* **WORK TASK**: Retype the data below exactly, skipping pictures.

-- INFORMATION SHOWN follows --

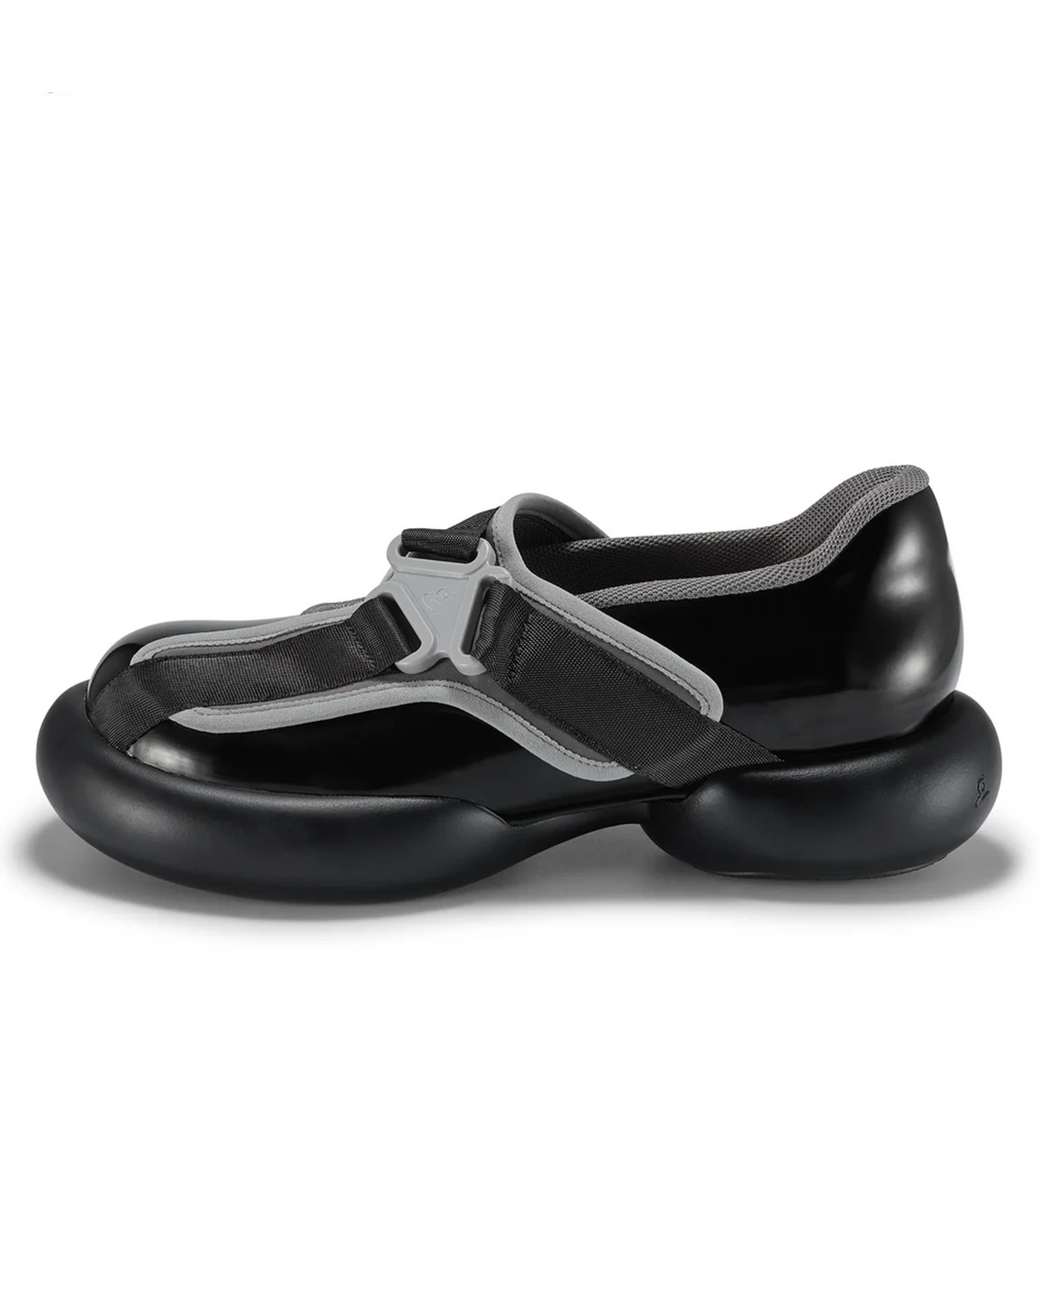 Black Safety Buckle Mary Jane Shoes
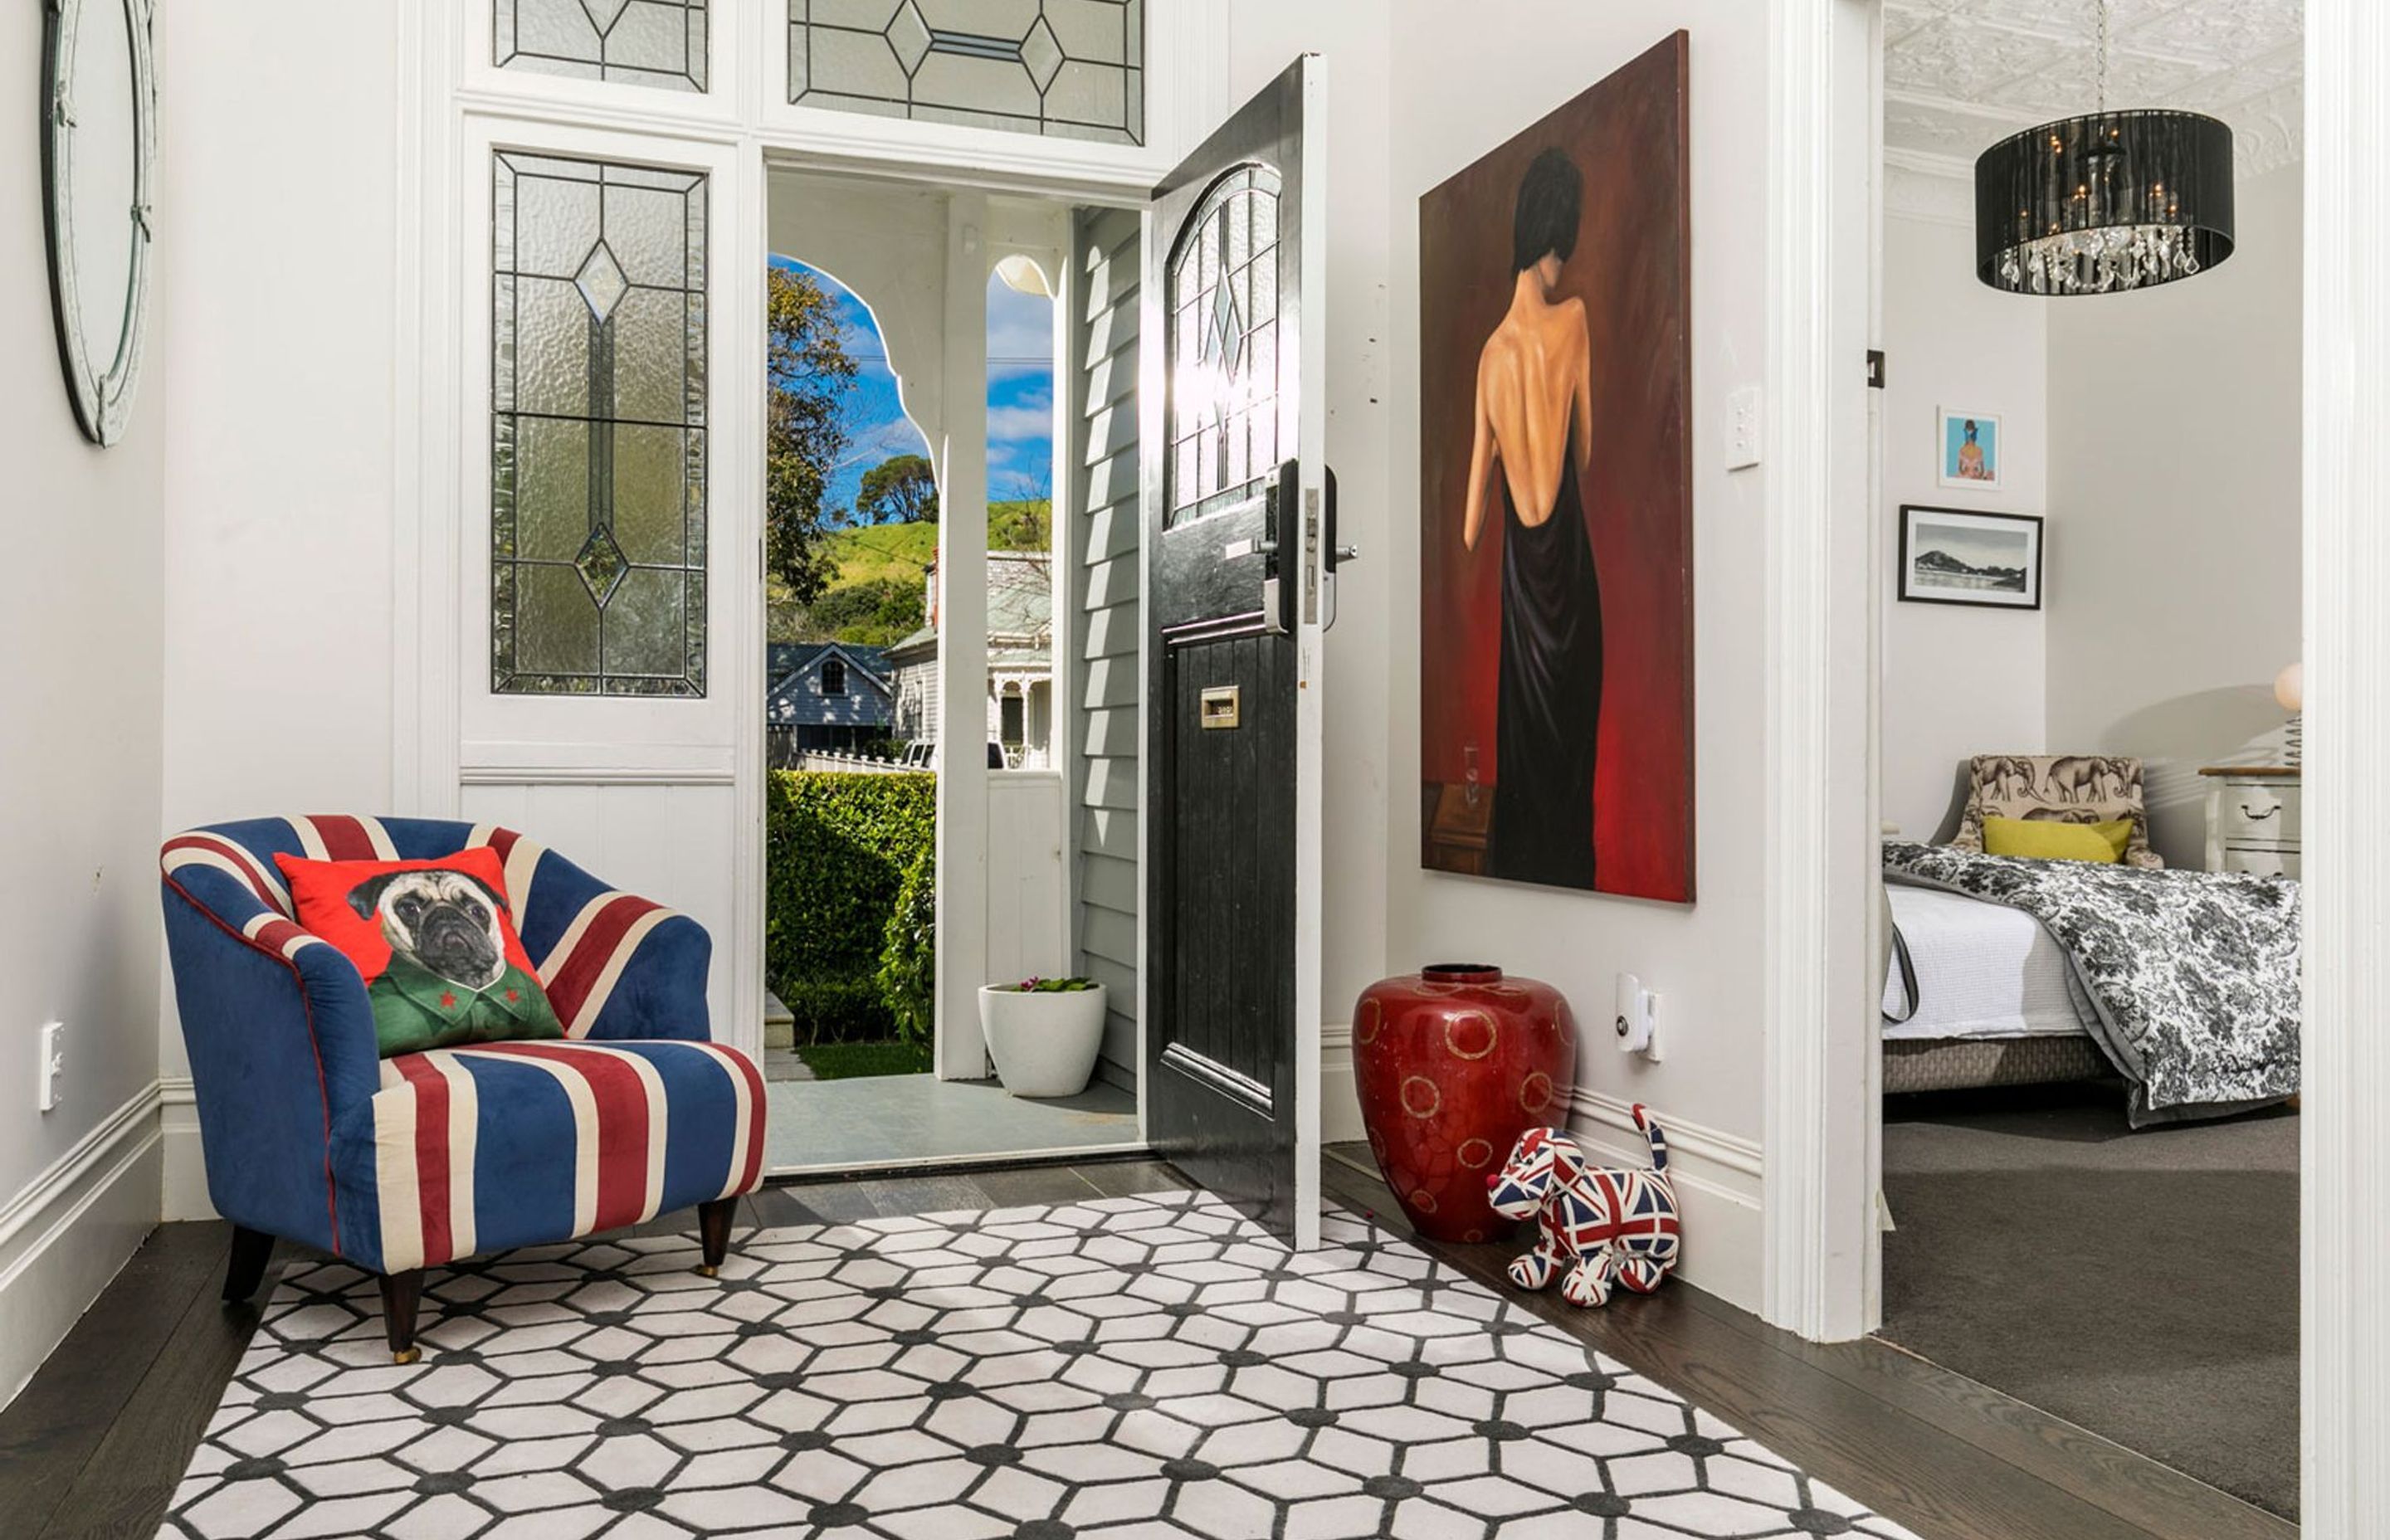 The eclectic entrance held a nod to the clients english heritage, and the custom designed rug echoed the pattern in the stained glass with it's diamond shapes.
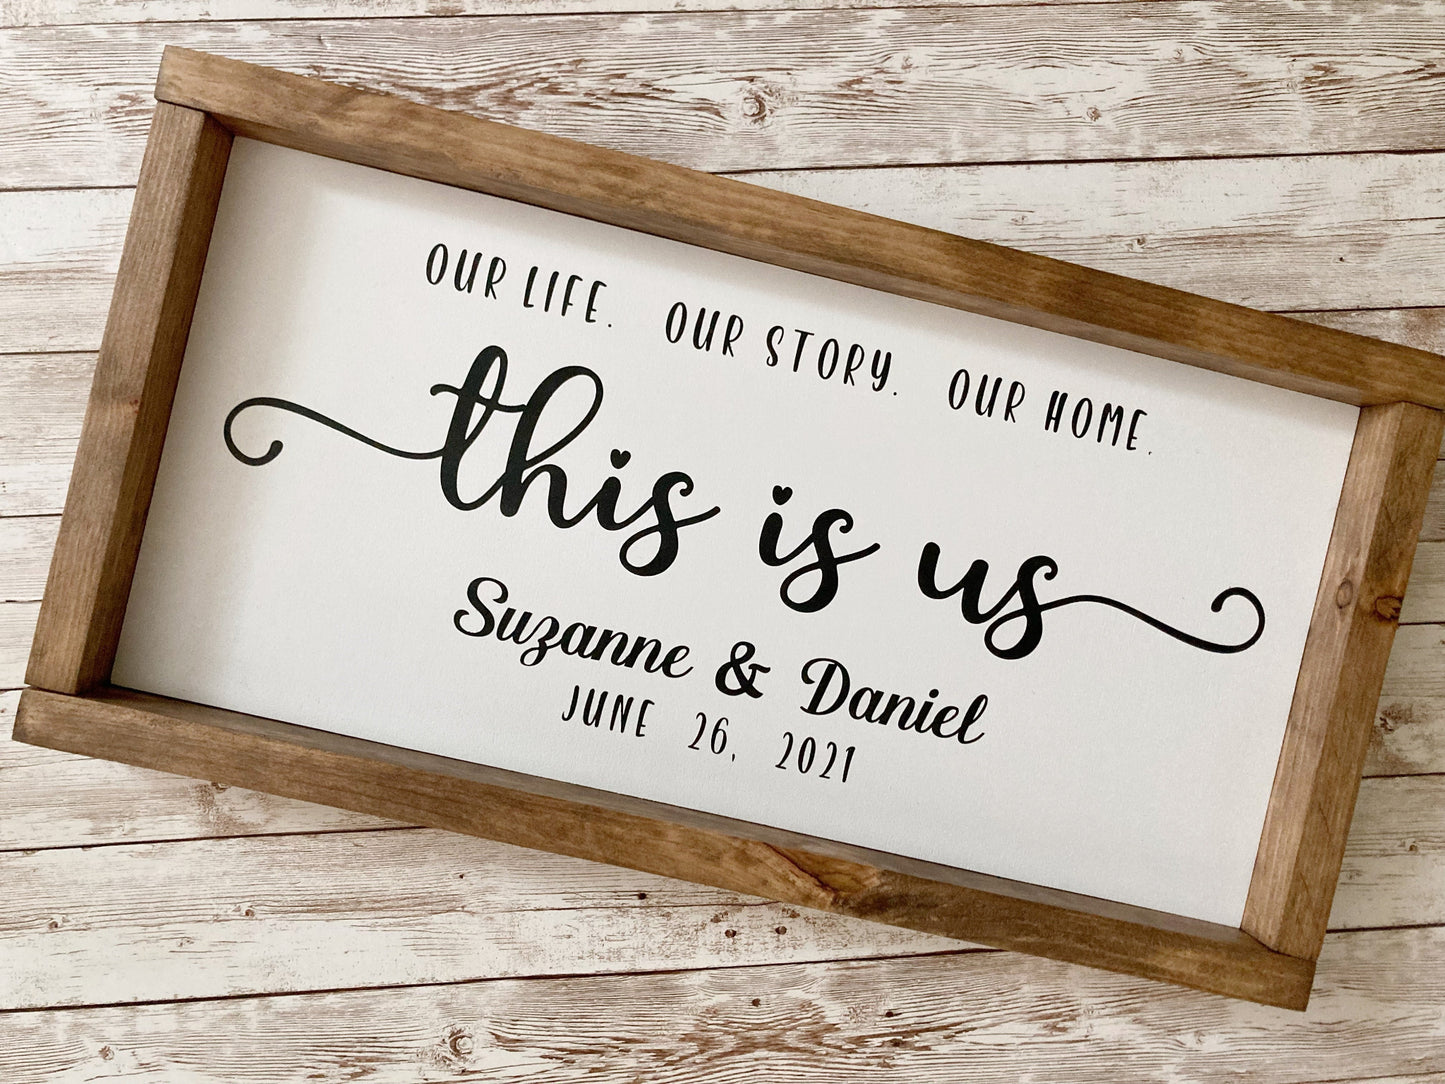 Personalized Wedding or Anniversary Wood Sign

-- INFORMATION SHOWN concluded --

* **SOLVED EXERCISE**:
 Black Safety Buckle Mary Jane Shoes
 The eclectic entrance held a nod to the clients english heritage, and the custom designed rug echoed the pattern in the stained glass with it's diamond shapes.
 Personalized Wedding or Anniversary Wood Sign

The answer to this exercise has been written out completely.